Being a social democrat, Ed Miliband might also have a fundamentally different definition of ‘redistribution’ to socialists, again reverting to the issue of avoidance of taxation (not “tax avoidance”) to fund the fabric of society. This is illustrated in Ed Miliband’s flagship policy of ‘predistribution’, originally introduced by Professor Jacob Hacker. However, under a liberal market, redistribution could mean instead easily transfer of funds between CCGs, as is already happening. In this neoliberal market, seen already through sporadic national closures of A&E departments not directly protected by PFI funding, this can mean some CCGs will literally wither, and ultimately could leave themselves open to acquisition themselves from the private sector. This is literally an elaboration of the “money following the patient” policy which has been bobbing on the surface for a few years now, with money literally following the money out of the public sector into the private sector.
The effect of this neoliberal ‘survival of the fittest’ CCG architecture, seen by some as providing the infrastructure for full integration with the private insurance industry, will mean that there are some losers and winners. If one wished to ensure an excellent NHS throughout, you would pump money into underperforming Trusts to bring them up to a level of safety and throughput acceptable to the general public. The consequence of members of the public not going to Trusts with longer than average waiting lists could mean that those Trusts get starved of the money they need to function well, and so their performance further deteriorates. And yet nobody wishes openly to have a NHS where, if you can pay, you get special treatment, but surely there are less guards against this type of behaviour in a social democratic NHS.

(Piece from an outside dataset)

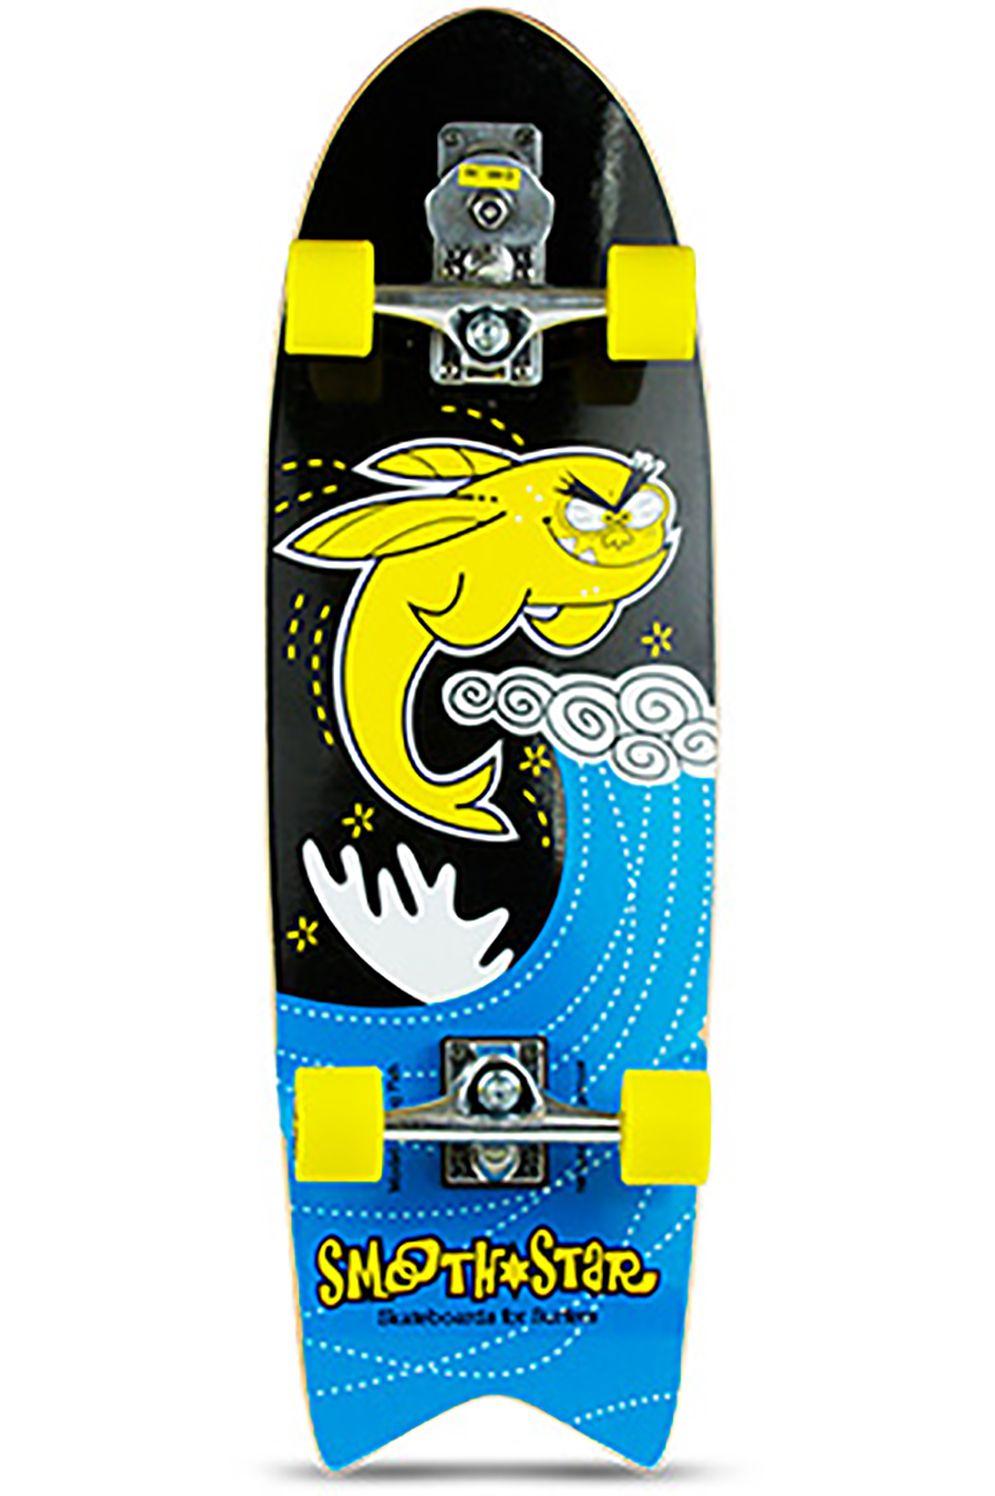 "Smoothstar Surf Skate 32"" FLYING FISH Yellow/Black"

The opposition led by Ed Miliband is currently full of inherent paradoxes. It sets to repeal the Health and Social Care Act (2012), without a coherent explanation of what it wishes to do about PFI-funded trusts or the McKinsey Efficiency Savings. On the latter two points, it appears it even agrees with the Conservatives (and the Liberal Democrats). It says it wants to reverse competition, but a significant part of introducing the competitive market was achieved in the dying days of the Blair/Brown government. Ed Miliband has promised to restore ‘the duty of the Secretary of State to provide a universal National Health Service’, and yet some members of the Labour health front bench seem more quiet on this issue. One prominent Labour member is reputed to have said recently that he or she would not like to talk about re-nationalising the NHS as this would be ‘political suicide’ for his or her career. There is clearly a lack of political philosophy ability amongst some current influential members of Labour: is it beyond the wit of man to wonder why ‘efficiency savings’ have not been adjusted to take account of the dire performance of the economy, as measured in the last three years?
With monkeys such as this alleged one, one can only look to the organ grinder for clues about where the NHS is heading to. To that extent, where it has come from may in fact be quite irrelevant.